Economic data reported yesterday suggests that the consumer is “holding back.”

By KENNY POLCARI

The retail sales spending numbers reported yesterday were not what we expected at all… The report showed that retail sales fell by 3% vs. the expected rise of 3% — a complete 180. That has some nervous, and I ask why? OK, yes the US economy is built on the consumer. We are a service economy with 75% of our GDP driven by the consumer. So retail sales were off. Could it be that consumers are not spending but rather SAVING their money for a “rainy day?”  Is it a bad thing for the consumer to decide to slow down spending and increase savings for the inevitable moment when it all stops short?

And to add more angst, the IMF cut their 2019 global GDP forecast to 3%, the lowest level since the GFC (Great Financial Crisis), citing the usual suspects: trade and geo-politics.

Next, investors continue to pull apart the latest “trade lite” deal only to find NO real answers about anything. With the threat of increased tariffs still very real on Dec 15th, the algos are now re-thinking the whole breaking open of the champagne bottles scenario from Thursday and Friday.

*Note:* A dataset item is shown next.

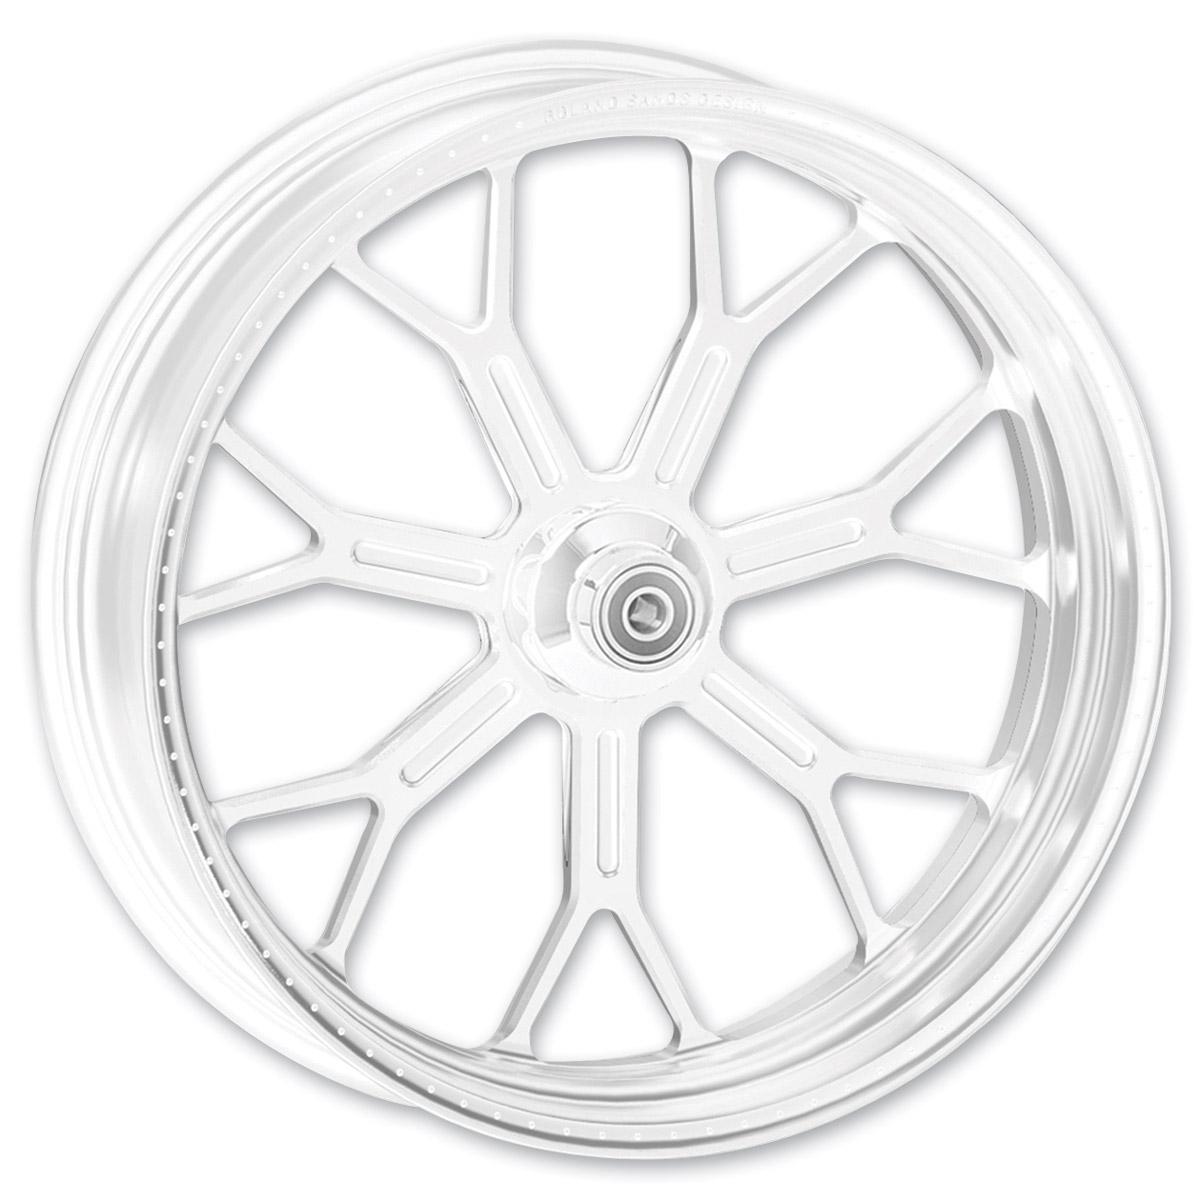 Roland Sands Design Del Mar Chrome Rear Wheel, 18″ x 4.25″

I mean, the media has done a good job of reminding us that trade tensions are high. The global economy is a mess, earnings are expected to be negative, interest rates are low and going lower because the US economy is about to go off the cliff — never mind all of the political drama taking place between the GOP and the Democrats (think impeachment, collusion, corruption and the list goes on) — all while the field of Democratic contenders tells us that capitalism is bad, hard work is BS, and that we should get ready for the “Socialist State”? So is it any wonder that consumers think about pulling back?

Could the threat of the country going off center and far left be a concern to anyone? Could the threat of the county going off center and far left cause the consumer to re-think the whole spending idea?  Or was this one report a flash in the pan, especially since the prior month in yesterday’s report was revised UP, suggesting that spending in September may have been a bit weaker because spending in August was higher than originally reported? I mean in the end, it’s the trend that matters more than the individual monthly report — no?  At least that is what they keep telling us when the data surprises (in either direction).

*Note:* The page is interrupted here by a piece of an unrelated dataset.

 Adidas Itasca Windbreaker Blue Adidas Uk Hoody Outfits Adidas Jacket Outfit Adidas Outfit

So, while the economic data was a bit weaker,the earnings data continues to come in strong. Yesterday we got more bank earnings, BAC, PNC, BK, USB, ALLY, and they all BEAT the estimates. They didn’t suggest that the future was dark at all. And then after the bell, we heard from NetFlix (the N in FANG) and CSX (the railroad company) and guess what? They BEAT the estimates as well. There were other reports: AA and IBM, see below.

Now NFLX  was UP $2 or +0.71% during the day. Traders took it up another $23 or +8.18% in the after-hours session, after they reported earnings of $1.47/share vs. the expected $1.04/share. Yeah, ok they missed on the top line reporting $5.24 billion, vs. $5.25 billion. They offered up weaker outlook for next quarter, but reiterated that the “long term outlook” for the business remains unchanged. The algos loved it.

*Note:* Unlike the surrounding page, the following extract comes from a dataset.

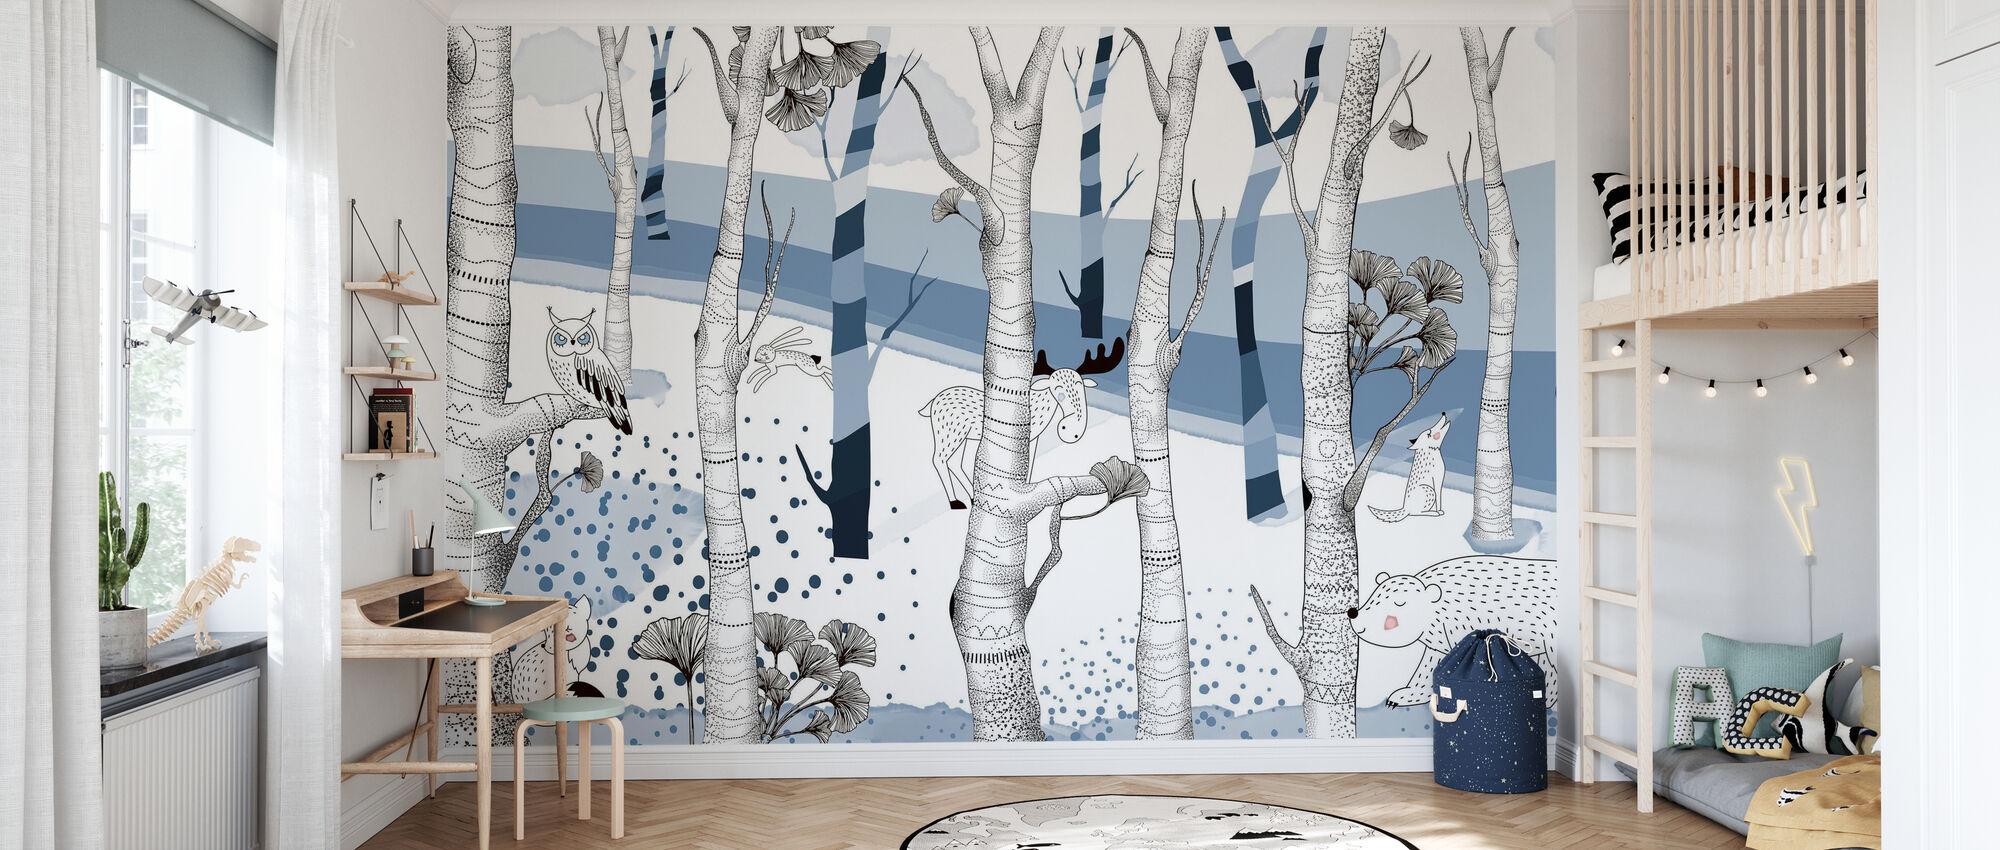 Woodland - Blue - Wallpaper - Kids Room

CSX, the freight transportation company, you know the one that everyone was worried about, because it speaks directly to the economy? It reported earnings of $1.08/share vs. the expected $1.01/share. That stock rallied by 4% after-hours.  And this caused shares in other rails to rally as well. UNP (Union Pacific) was up 1% ahead of this morning’s earnings announcement. Will they mimic the CSX commentary?

AA (Alcoa Corp) reported a loss of 44 cents, worse than the expected loss of 33 cents. They CUT forward guidance and lowered the outlook for aluminum demand and they still took it up 7% after the bell… Why? Here was the perfect reason to punish it, but if you look at the chart, they had already taken the stock down (punished) it AHEAD OF THE ANNOUNCEMENT on the expectation that earnings were going to be bad, and they were. So in usual Wall Street logic, it MUST be a BUY now!

And Big Blue (IBM), they missed on the top line. Revenues came in at $18.03 billion vs. the expected $18.22 billion and would have missed on the bottom line if not for the exclusion of “certain items.” But, it did report a slight beat at $2.68/share vs. the expected $2.67/share. But, the market is keen enough to realize that if not for the exclusions, they would have missed the number and BANG, that stock sold off 5%.